Fred. Thanks so much for stopping by and for posting a comment. Very much appreciated.
I would like to explain that, while not sympathizing with those who break the law, especially those who kill, I’m someone who’s actually witnessed an execution by electric chair. I’m not sure you can say the same. If so, then you’re a bit less caring than I. Believe me, I’m no bleeding heart when it comes to this stuff. As they say, been there, done that, and don’t look back.
However, this execution was a gruesome sight to me and to others. And simply because the person was a criminal, a very nasty serial killer, didn’t make it any less ghastly. To watch a human body go through what this one did was nothing short of, well, gruesome. This stuff is not a video game.
Again, if you have actual experience, then I apologize. I’m not speaking of military combat experience, though. Instead, I’m speaking of working as a police officer who is not involved in regularly engaging in gunfire with other humans. It’s not what cops do on a daily basis. In fact, it is outside the norm for a police officer to shoot another person. Cops think about it all the time – the “what-ifs,” but the situation is more of a rarity than the norm.

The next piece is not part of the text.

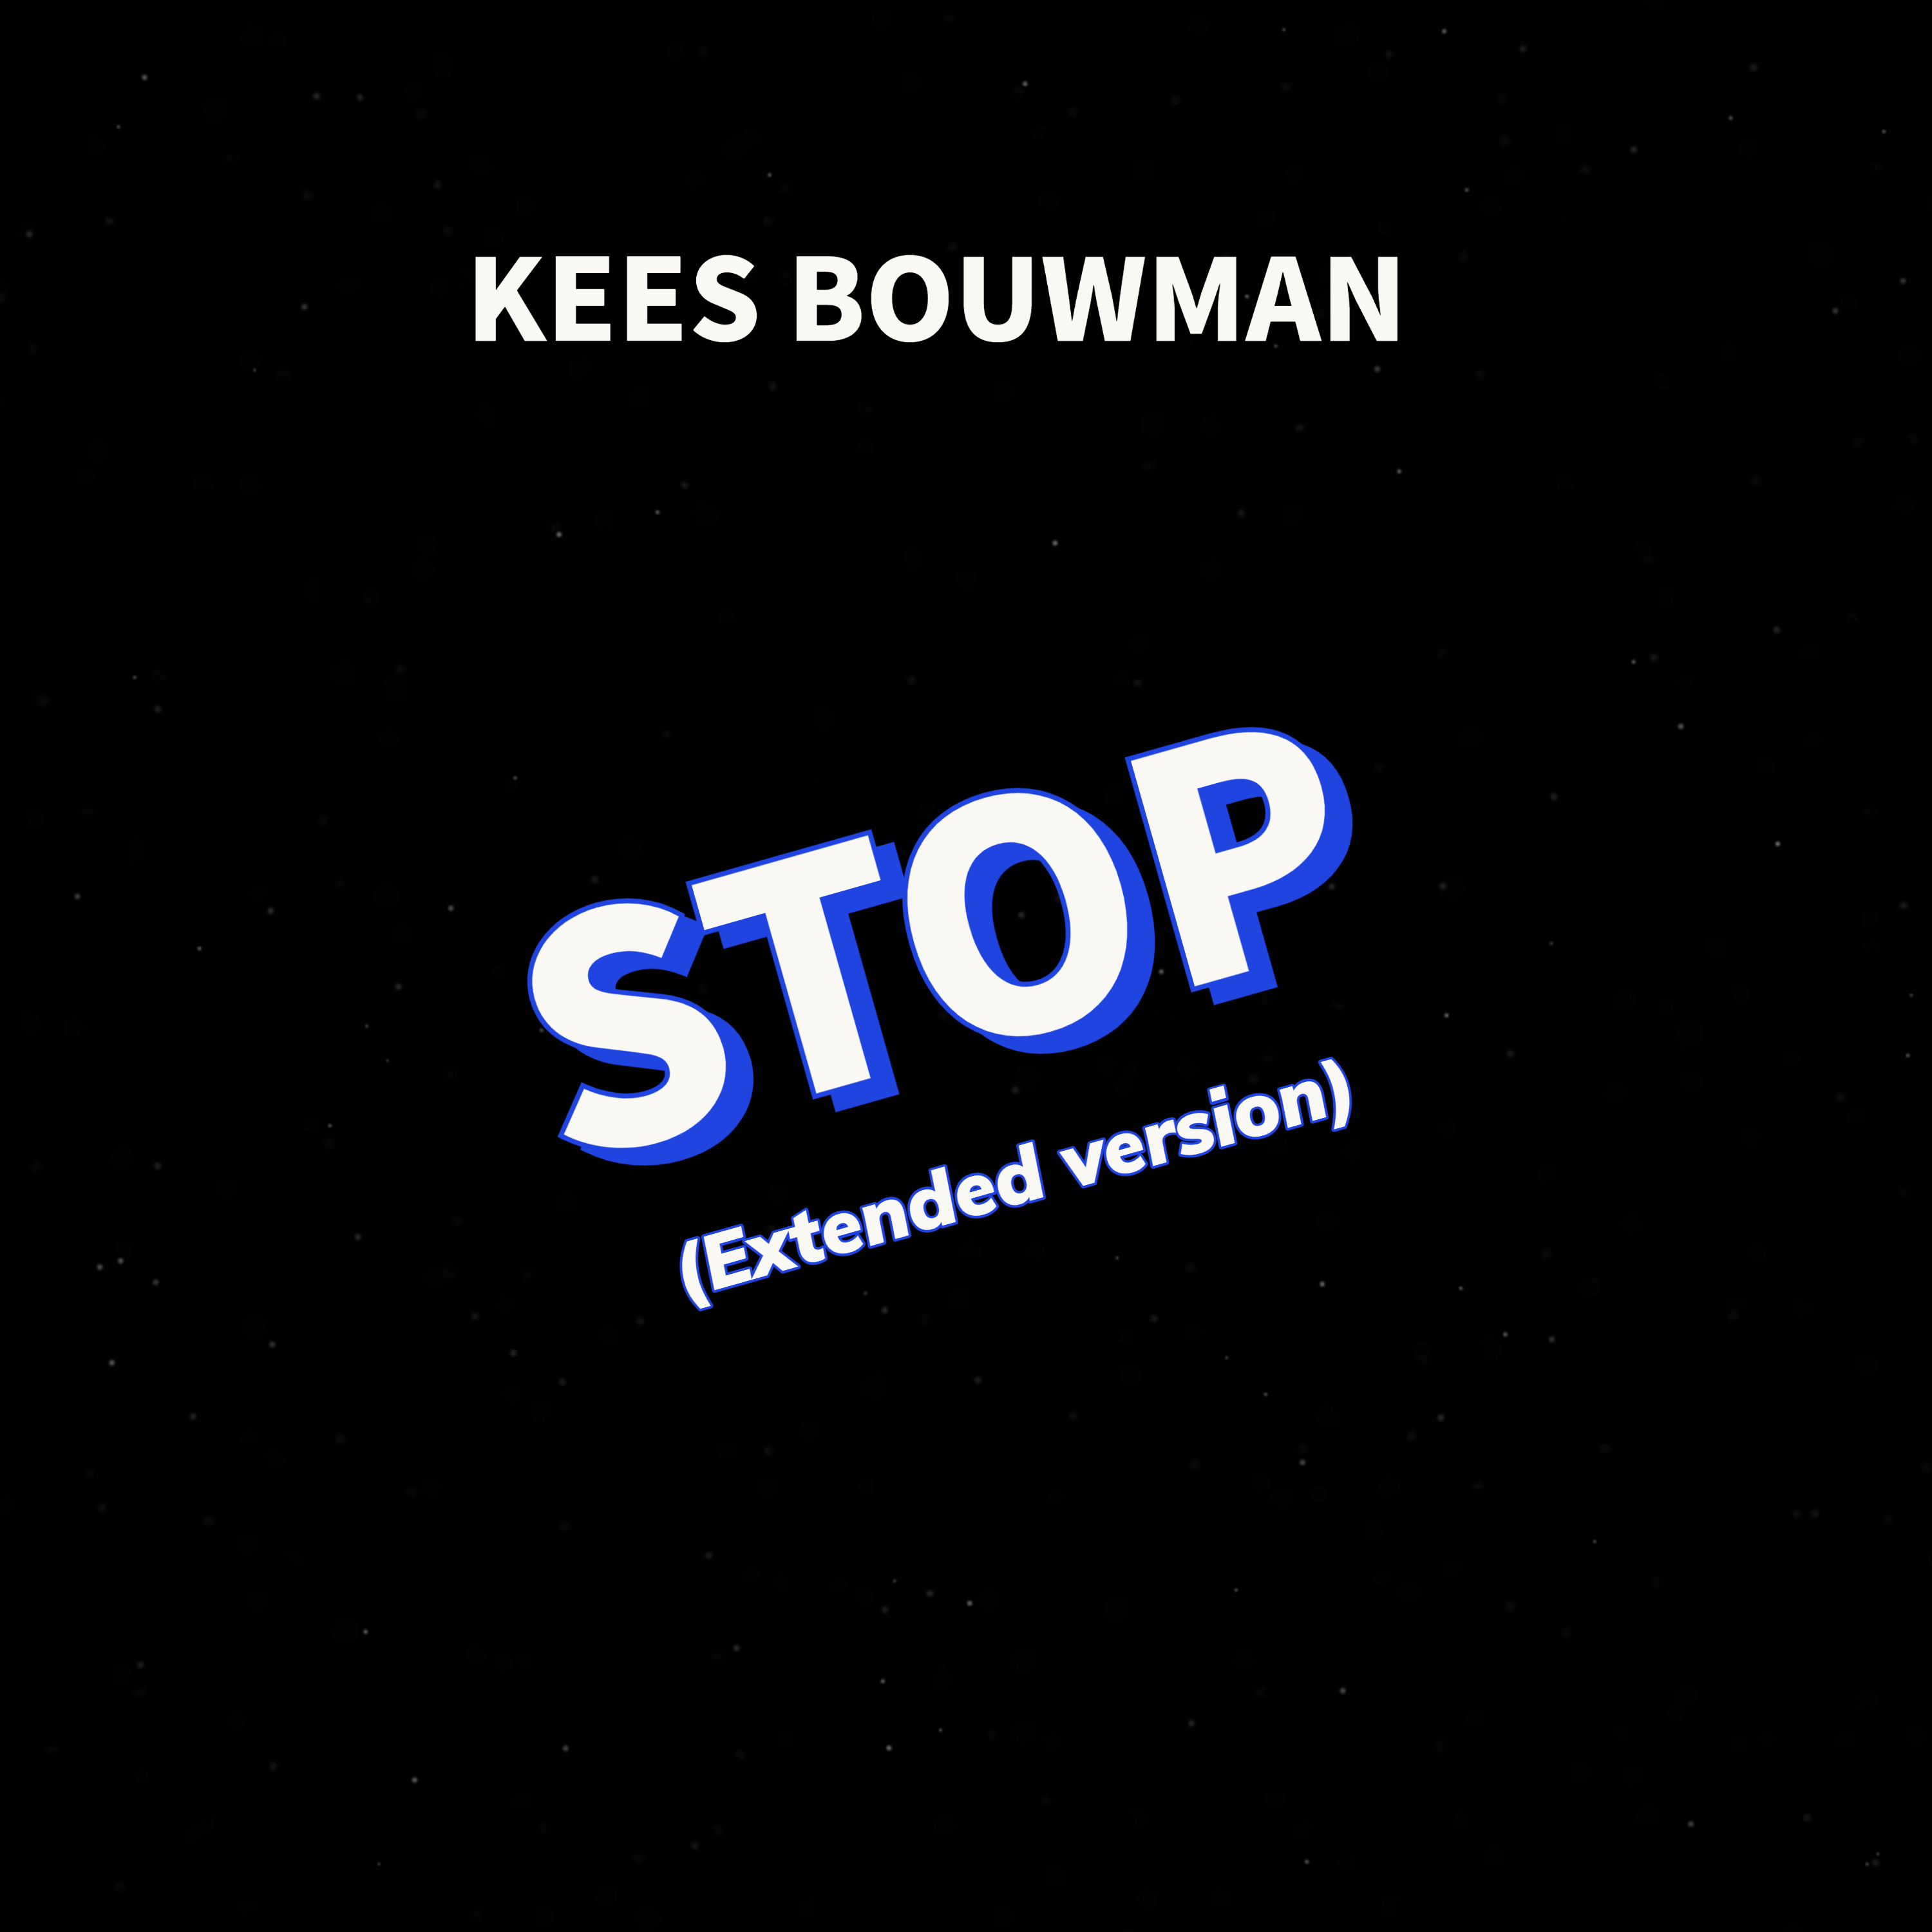 Stop (extended version

I’m as tough as the next guy. Maybe tougher than some. I’ve been cut and stabbed a few times. Beaten, shot at, kicked, and spit on. And I’ve seen humans mangled beyond recognition. I’ve also shot and killed someone. The latter really took its toll on me.
And, through all of that and lots more, I still can’t yawn, as you suggest, when a person or animal suffers. Even the robber I shot … my heart still hurts over that day. Did I do the right thing? Sure. Would I do it again, if necessary. Sure. Do these facts make me feel any better about having shot and killed someone? Not even close.
And to be flippant about seeing someone die a horrible death, no matter who the person is, well, that’s just not me.
Yawn. Maybe don’t be a criminal piece of trash and they might deserve some sympathy. Make it a weapons testing facility – anyone can come in, bring their own gun and ammo. Win-win.